# Best Winter Glove?



## twain (May 18, 2004)

Looking for reco's on the best winter glove for the Bay Area. Something that's relatively thin yet keeps your fingers warm when it's around 40 degrees.

I have the Specialized Deflect which are thin and comfortable but this past weekend, fingers were pretty damn cold coming down 84.

Any recommendations?

thanks!
twain


----------



## Dr_John (Oct 11, 2005)

> Something that's relatively thin yet keeps your fingers warm when it's around 40 degrees.


Me too. Seems like there's a big gap between "Fall" and "Winter" gloves. I want something a bit warmer than "Fall", but not Arctic Tundra Winter.

I use the Deflects too. They're a good, light glove, and a really bargain at the sale price of $20. While they're conservative at their "for 50 degrees and above," if the stitching was a bit tighter, they'd be better down to lower temperatures. My next set of gloves are LG "Lobster Gloves." Definitely keep my hands warm, but they're way too bulky, and I just can't ride comfortably with the "Lobster" set up.


----------



## Blue CheeseHead (Jul 14, 2008)

I have a pair of Seirus All Weather gloves that are thin and work well down to the high 30's. I recently picked up a pair of Swix lobster mits at REI, and while they would be too warm for the Bay Area, they do make lighter weight gloves and the quality seems very nice for the price.


----------



## Guest (Dec 7, 2009)

I have a pair of lycra capoforma gloves with little rubber dots all over the palm that are great till the wind or cold picks up enough to call for the Assos early winter glove which I love.


----------



## Undecided (Apr 2, 2007)

kytyree said:


> I have a pair of lycra capoforma gloves with little rubber dots all over the palm that are great till the wind or cold picks up enough to call for the Assos early winter glove which I love.

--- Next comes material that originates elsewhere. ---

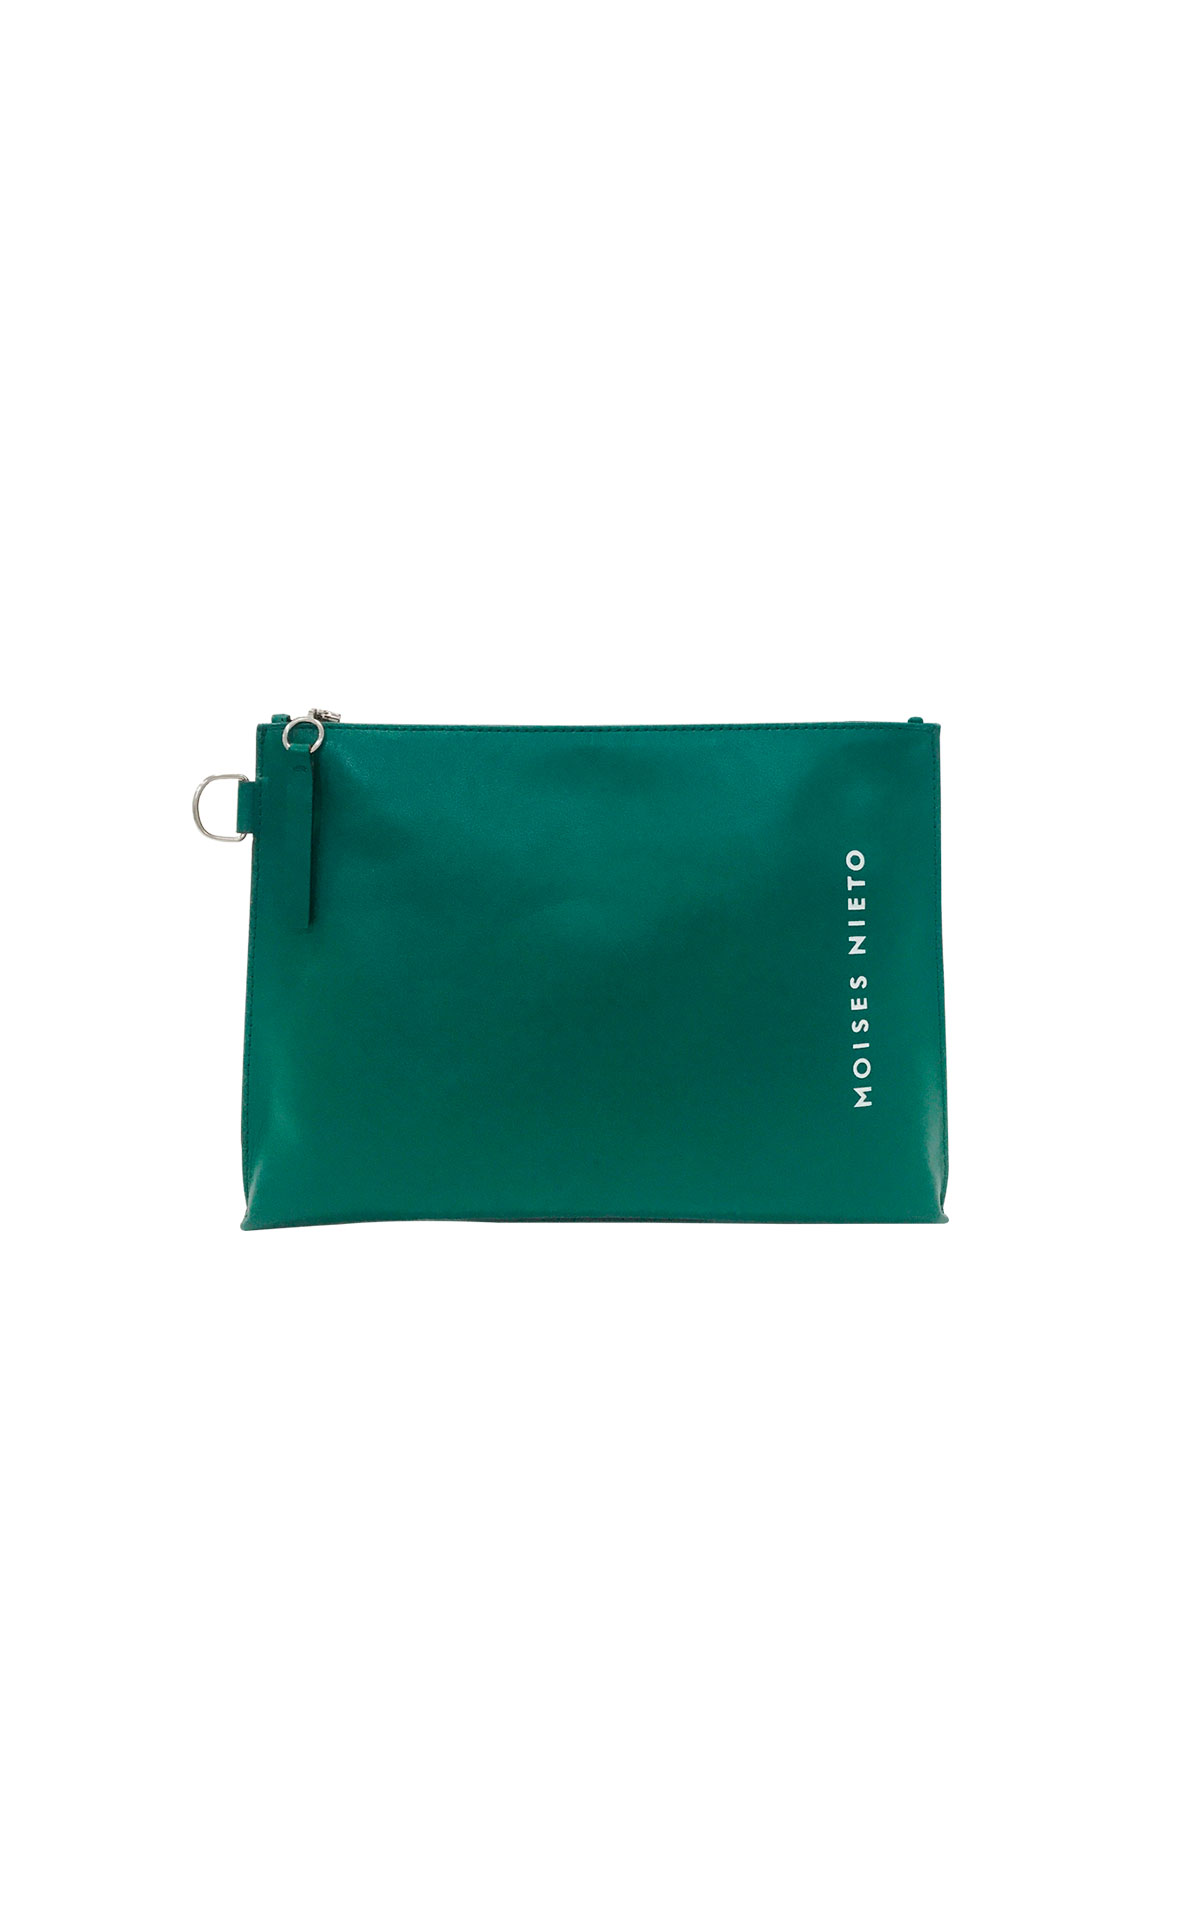 Green Moises Nieto handbag

The Capo Roubaix? If so, I use the same combination on the Peninsula. I also have a pair of Capo Wind Gloves gloves that are good for all but the coldest mornings here. For recovery rides in the coldest stretch of the year, I wear the Craft Siberia gloves, which are quite warm. They give up some dexterity, but not as bad as a lobster glove or mitten.


----------



## rhauft (Aug 8, 2006)

When the temps drop down into the 30s & 40s like they are now, I use the Capo Roubaix glove as a liner and wear the Capo Wind Gloves over them. It snowed here this morning in the East Bay so I wore 2 pairs of Rubaix's under the wind gloves with good results in low 30's temps. Yeah, I'm a big Capo fan... Helps that I'm good friends with the Owner of the Co. :thumbsup: 

Just scored a pair of the new LTD wind glove - have not tried them yet but they look promissing...


----------



## Guest (Dec 8, 2009)

Yep, its the roubaix, I had forgotten the name, I have an older version of their outer shell, its not but not quite as warm as the assos early winter but still a good glove. I also prefer the longer length of the assos as it covers up your cuffs well and keeps the wind out.


----------



## CHL (Jun 24, 2005)

Hi Twain:

Try a pair of Garneau WindTex or Pearl Izumi Gavia. Sugoi also has a nice set that offers warmth and wind protection. In 40 degrees, I fear that a thinner glove, no matter the manufacturer, will not sufice. I wasn't uncomfortable Sunday morning but I should could have been warmer. The problem with thick gloves is the complete loss of dexterity.

CHL


----------



## twain (May 18, 2004)

Wow, thanks for the replies. I had no idea that there were so many Capo fans!


----------



## rzims (Nov 15, 2005)

I'm having the same issue - trying to find a glove that is warm enough, but not too bulky that I can't feel the bars....I have some pearl izumis that I wear when it's REALLY cold, but they're definitley too thick and bulky


----------



## ukbloke (Sep 1, 2007)

I could definitely have done with some better gloves while descending on Page Mill Road on Tuesday. I have some lightweight Craft gloves and they were definitely not up to the task. For the winter conditions that I will actually ride in, I think I need a reasonable (but not excessive) amount of warmth-providing material but also an effective wind-stopper layer. It is the wind, especially on a descent, that numbs the fingers. Perhaps some embedded Gore wind-stopper material is the way to go. If it is cold enough to warrant the lobster gloves I don't think I'd go riding that day.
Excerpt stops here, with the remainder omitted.